> **Dataset records**:
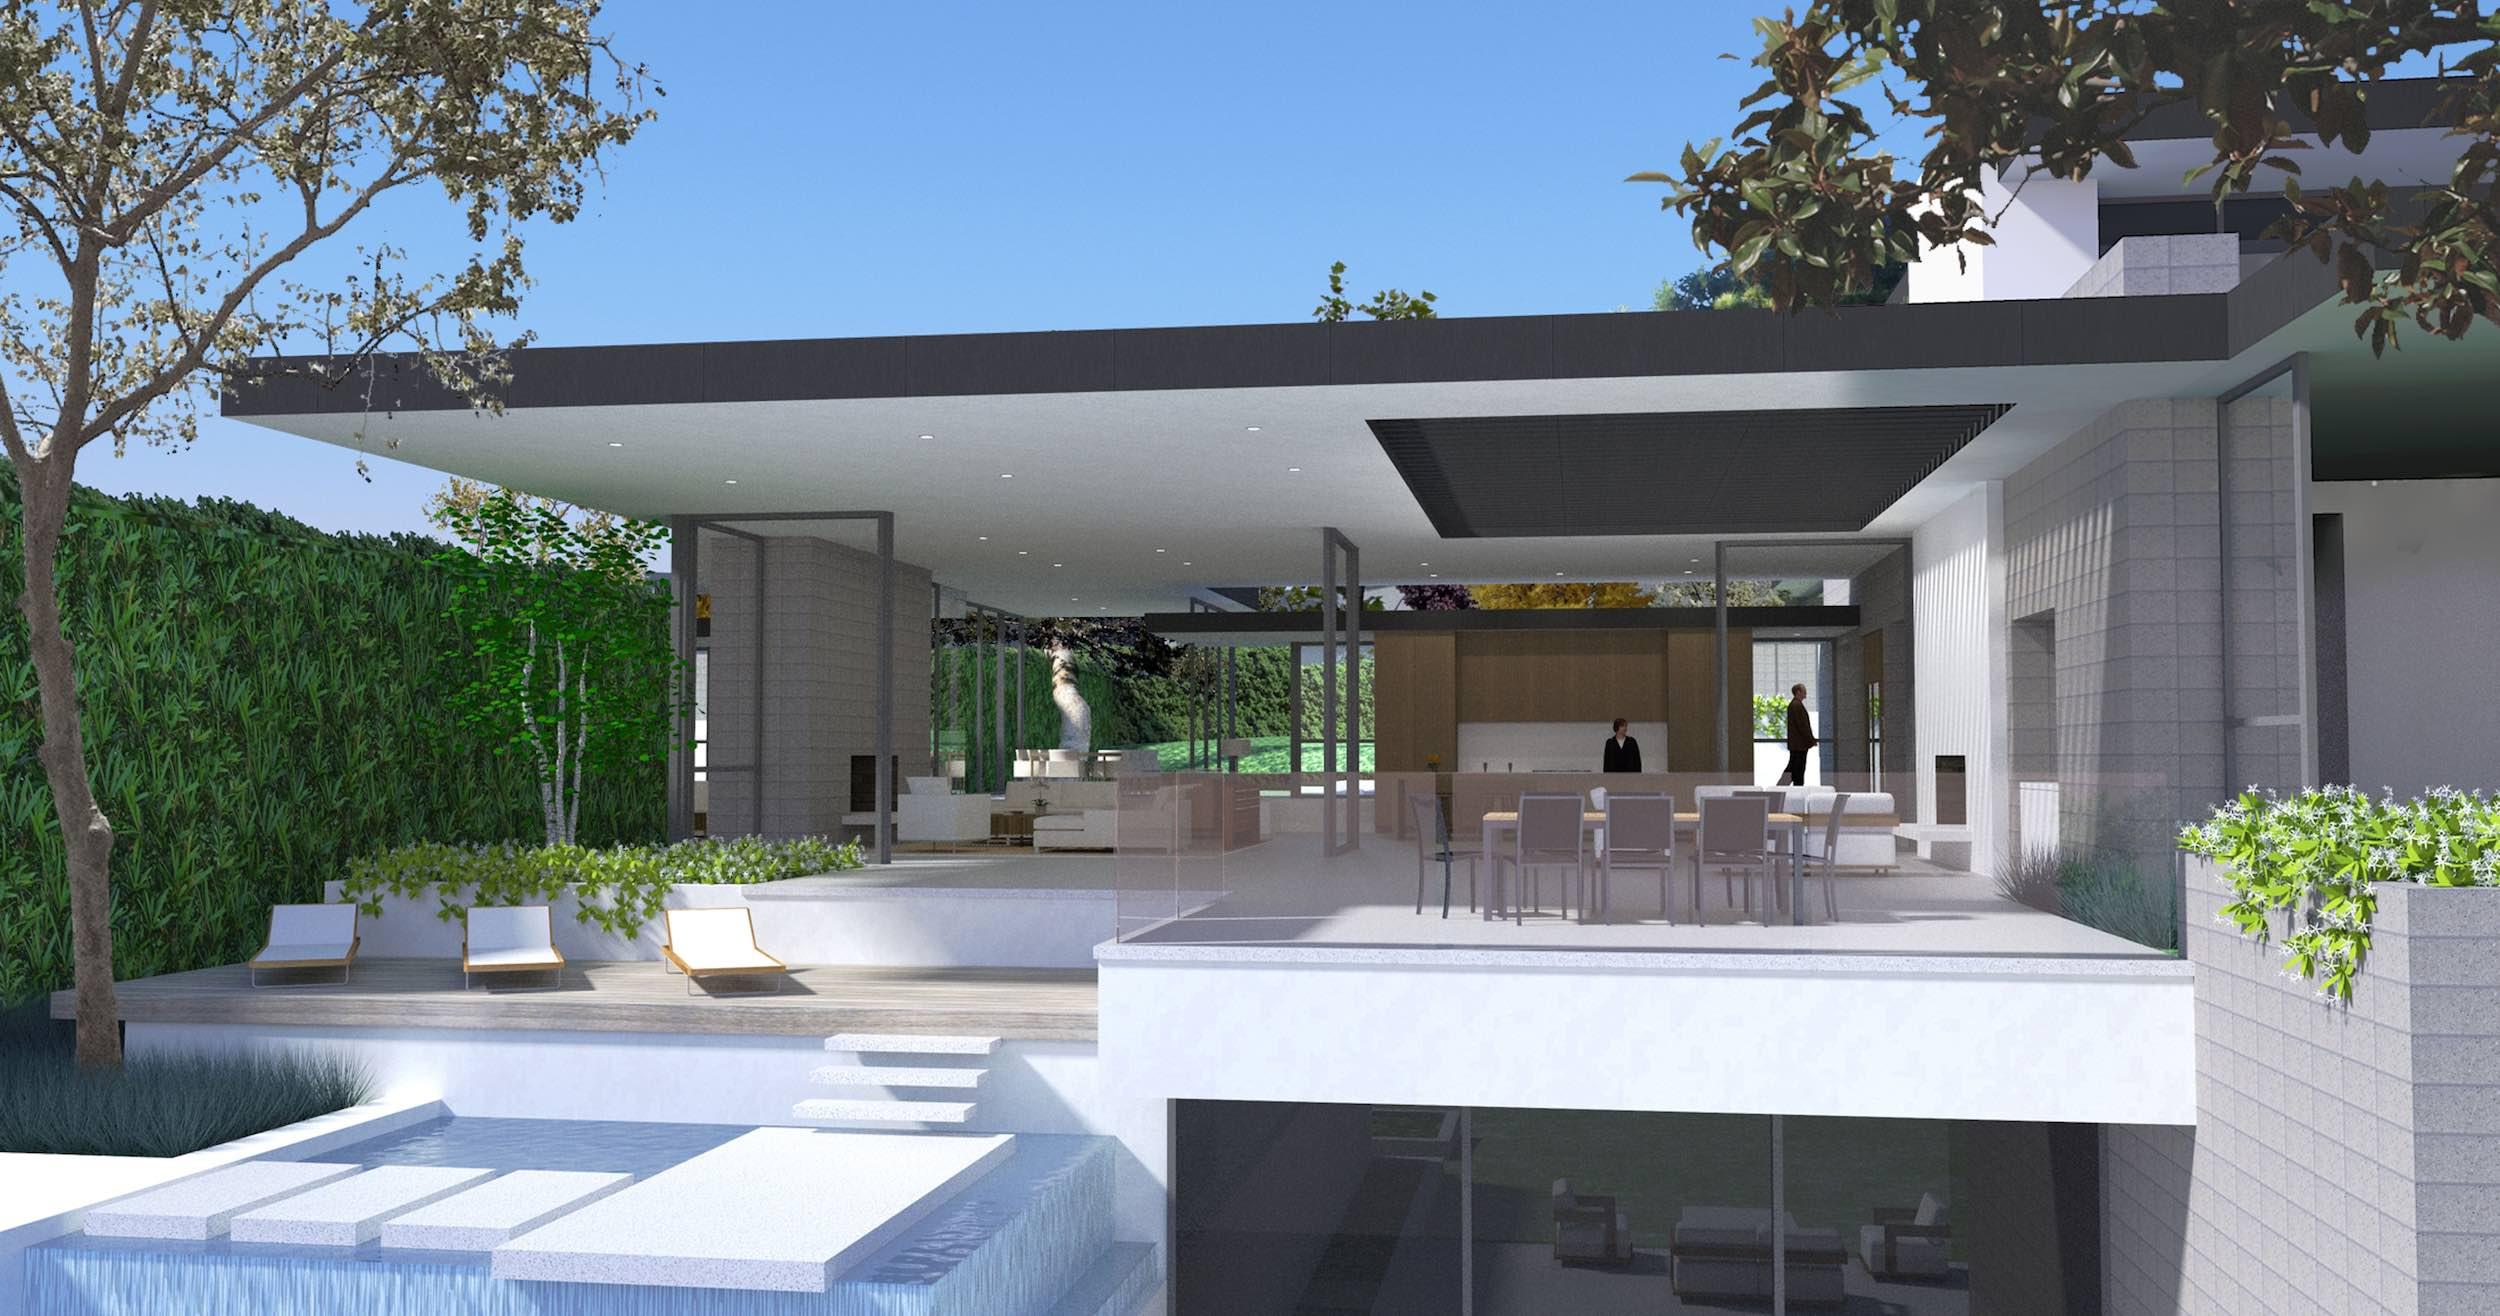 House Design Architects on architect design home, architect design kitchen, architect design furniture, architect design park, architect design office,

* * *

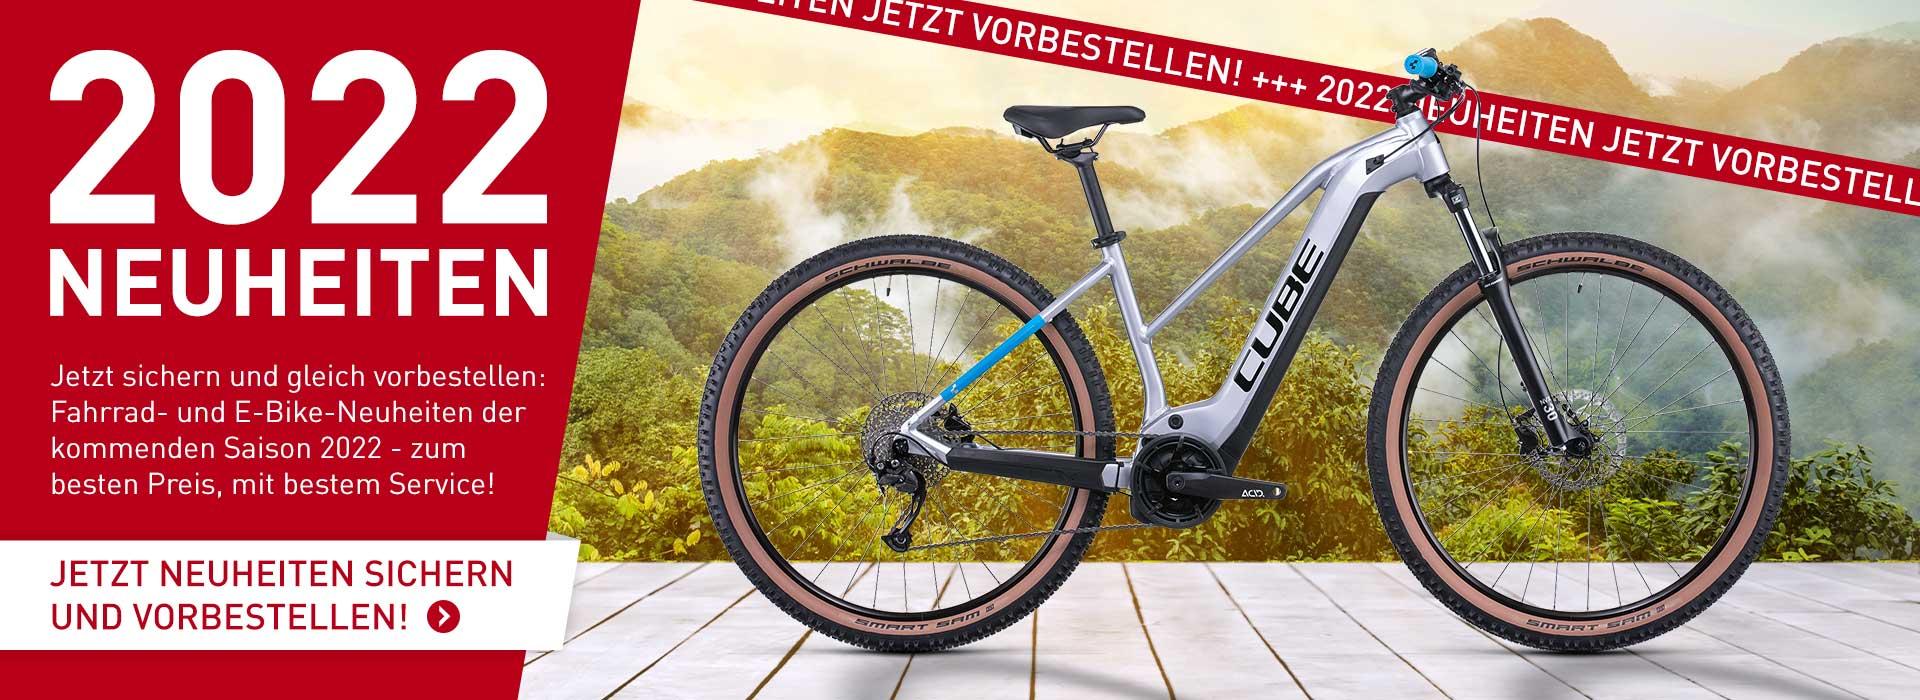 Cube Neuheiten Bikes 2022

* * *

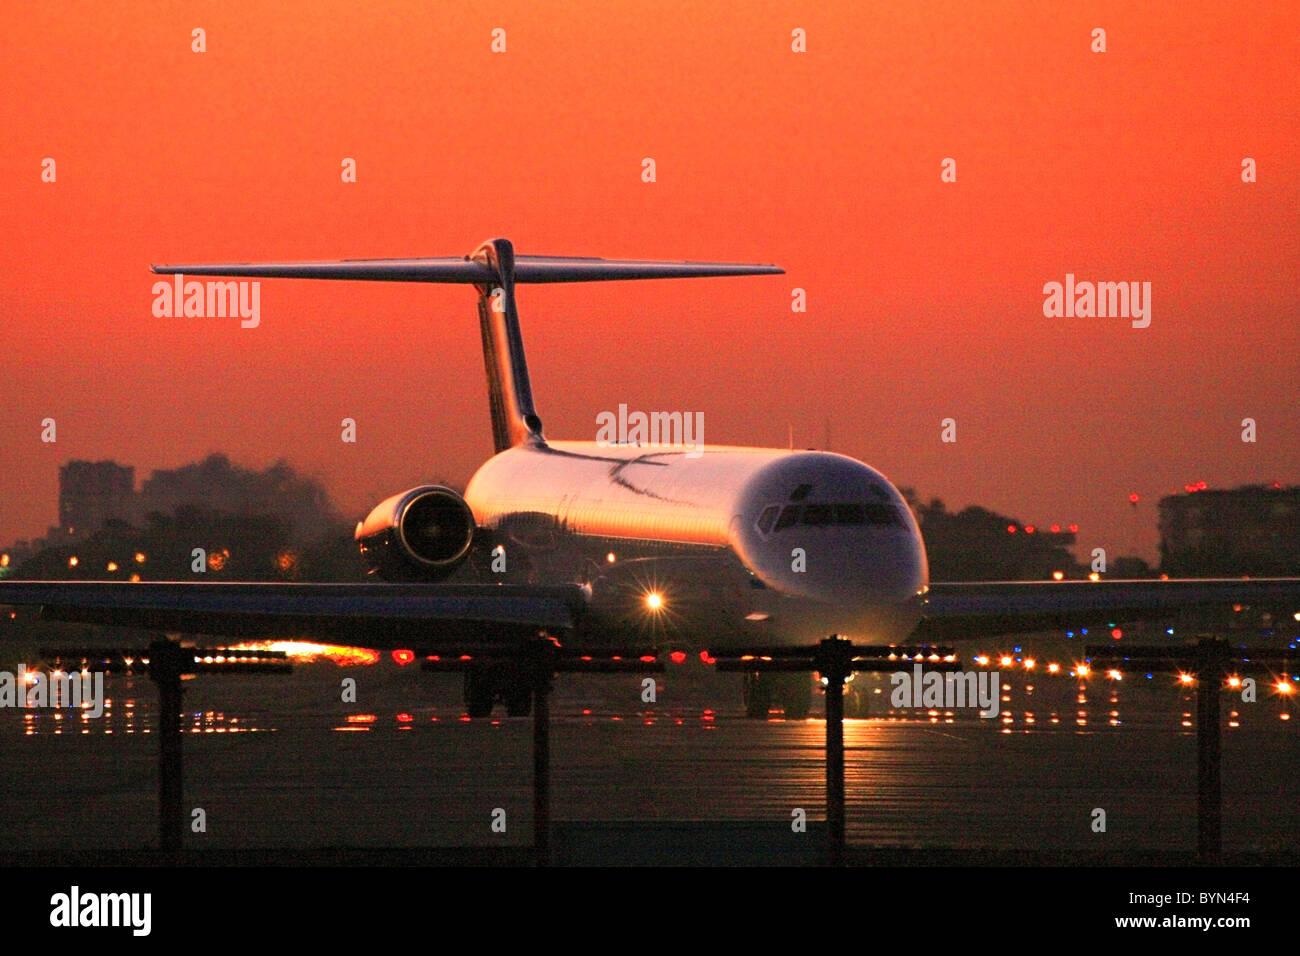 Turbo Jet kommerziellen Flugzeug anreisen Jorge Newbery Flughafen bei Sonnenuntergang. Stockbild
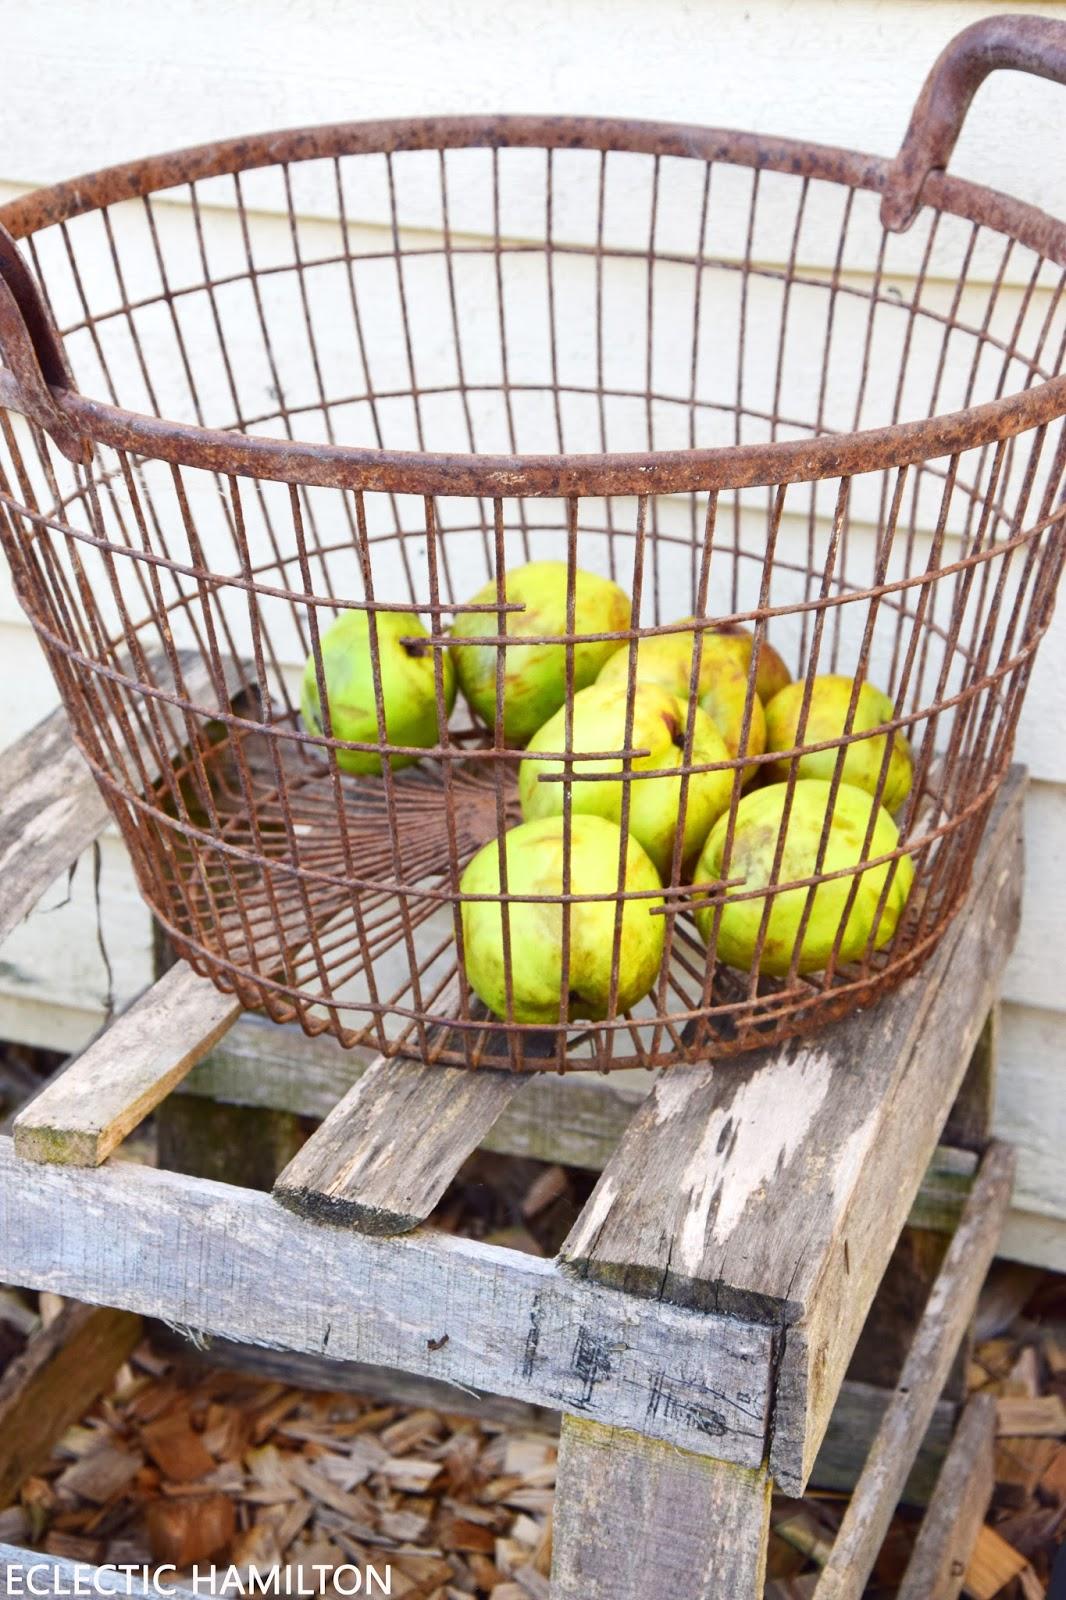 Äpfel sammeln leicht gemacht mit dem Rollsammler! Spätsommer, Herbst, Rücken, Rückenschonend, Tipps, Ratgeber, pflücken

> **Your goal**: Quote the data above exactly from the line with "Turbo Jet kommerziellen" to the line with "Äpfel sammeln leicht", both ends counted, and nothing else. Pictures don't go in.

> **Completed task**:
 Turbo Jet kommerziellen Flugzeug anreisen Jorge Newbery Flughafen bei Sonnenuntergang. Stockbild
 Äpfel sammeln leicht gemacht mit dem Rollsammler! Spätsommer, Herbst, Rücken, Rückenschonend, Tipps, Ratgeber, pflücken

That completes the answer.